The term “crown” is generally understood in several industries, which use rolls or rollers, to mean a general barrel-shape. In other words, the mid section of the roll has a larger diameter than the ends of the roll.

This invention discloses a crowned conductor roll that is designed to compensate for the deflection of the conductor roll when the conductor roll is subjected to mechanical forces, e.g. sheet tension, gravity, brush assemblies, and hold down rolls, during an electrocoating process thereby reducing or eliminating the occurrence of arc pits in the coated metallic sheet. In addition, by utilizing a crown to compensate for the conductor roll's deflection, a lighter and smaller diameter conductor roll can be used in the electrocoating process since the roll itself would not have to be so strong as not to deflect or bend when subjected to the mechanical forces that occur during the electrocoating process. Yet another advantage of using a crowned conductor roll is that when it is determined that the deflection of a standard cylindrical or non-crowned conductor roll is detrimental, modification of the super structure of the electrocoating or electroplating line is most often not necessary. This is due to crowned rolls being substantially the same size (i.e. length, weight, and diameter) as the standard cylindrical roll that they will replace.

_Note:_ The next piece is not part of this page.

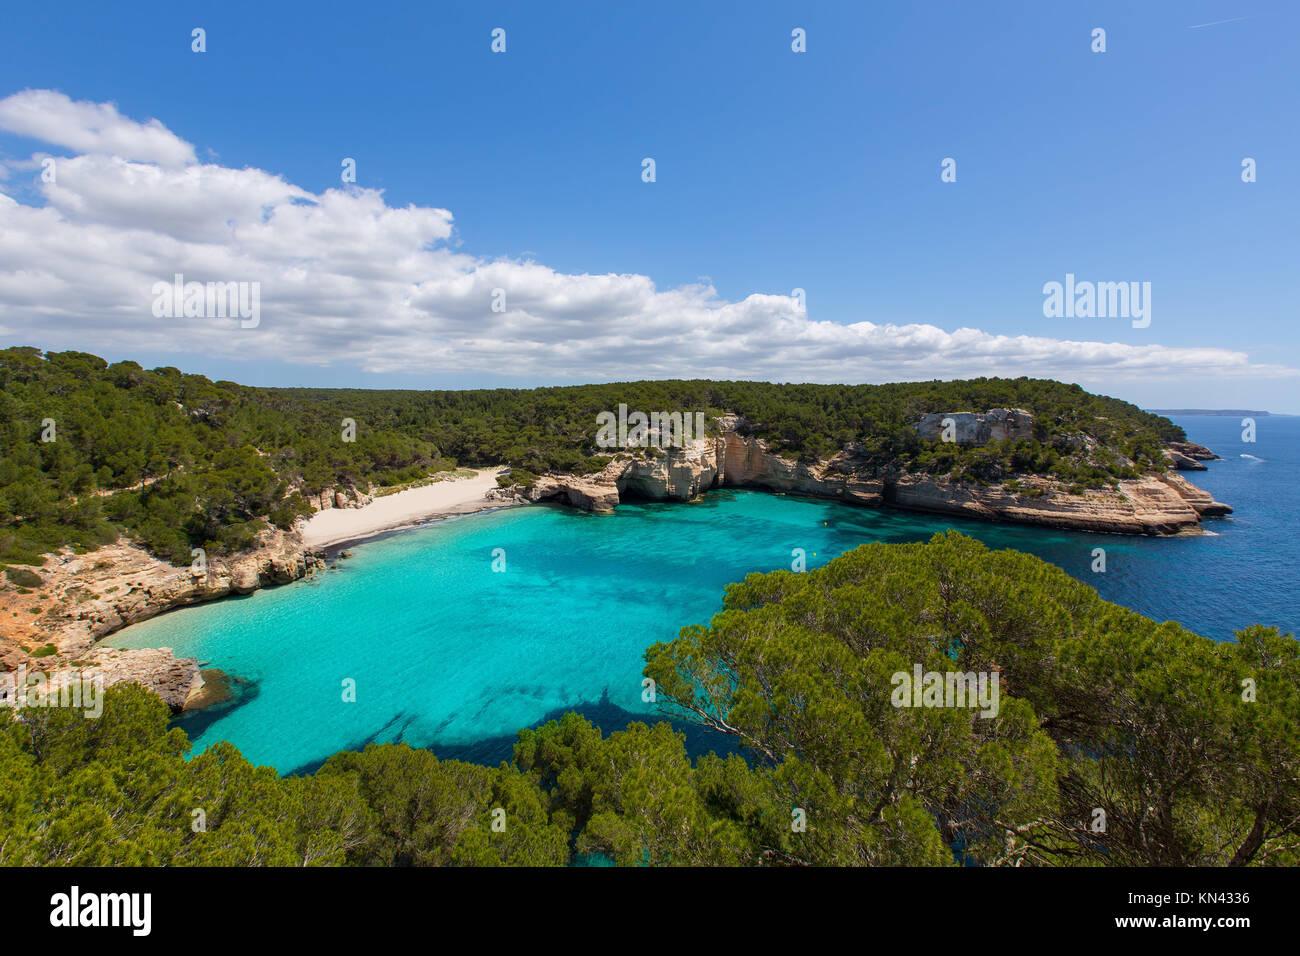 Cala Mitjaneta in Menorca Ciutadella at Balearic islands. - Stock Image

FIG. 2 depicts a typical conductor roll 4 under no mechanical load and having no deflection. As can be seen from FIG. 2, the conductor roll 4 has a first end 8, a second end 10, an outer surface 12, a top 14, and a bottom 16. The outer surface 12 of the conductor roll 4 is the surface of the conductor roll 4 that comes into direct contact with the metal sheet (not shown). Extending substantially laterally from each of the first and second ends 10 and 12 is a centrally located shaft 18, which is used as a means for rotating the conductor roll 4 about its axis.

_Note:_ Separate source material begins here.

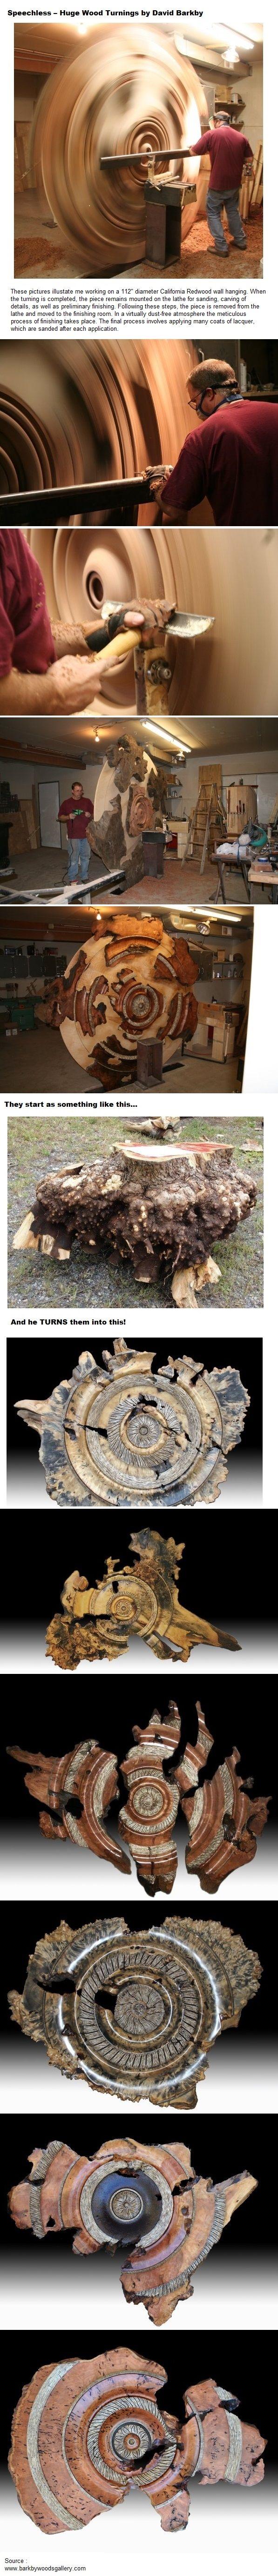 Speechless ..Huge Wood Turnings by David Barkby

FIG. 3, in contrast, depicts a conductor roll 4 having a deflection λ that is caused by a mechanical load as represented by arrow L. The mechanical load L is due to a combination of sheet tension, which is exerted onto the conductor roll 4 when a metallic sheet (not shown) is wrapped around the conductor roll 4, and other forces that are present in the electrocoating process. As can be seen from FIG. 3, the deflection λ is the distance between the top 14 of the conductor roll 4 and a line 20, which represents the position of the top 14 of the conductor roll 4 when the conductor roll 4 is under no load. In general, the deflection λ is greatest about the center of the conductor roll 4 and reduces in distance towards the first and second ends 8 and 10. In other words, the conductor roll 4 is substantially bent when the conductor roll 4 is under the mechanical load. It is noted, however, that the location of maximum deflection λ does not necessarily have to be near the center of the conductor roll 4 since the location of maximum deflection λ is dependent upon the particular mechanical forces that are acting on the conductor roll 4. In one embodiment, when the wrap angle of the sheet is about 180° the deflection λ of a specific conductor roll is about 0.0254 cm (0.010 inches) about the center of the conductor roll 4.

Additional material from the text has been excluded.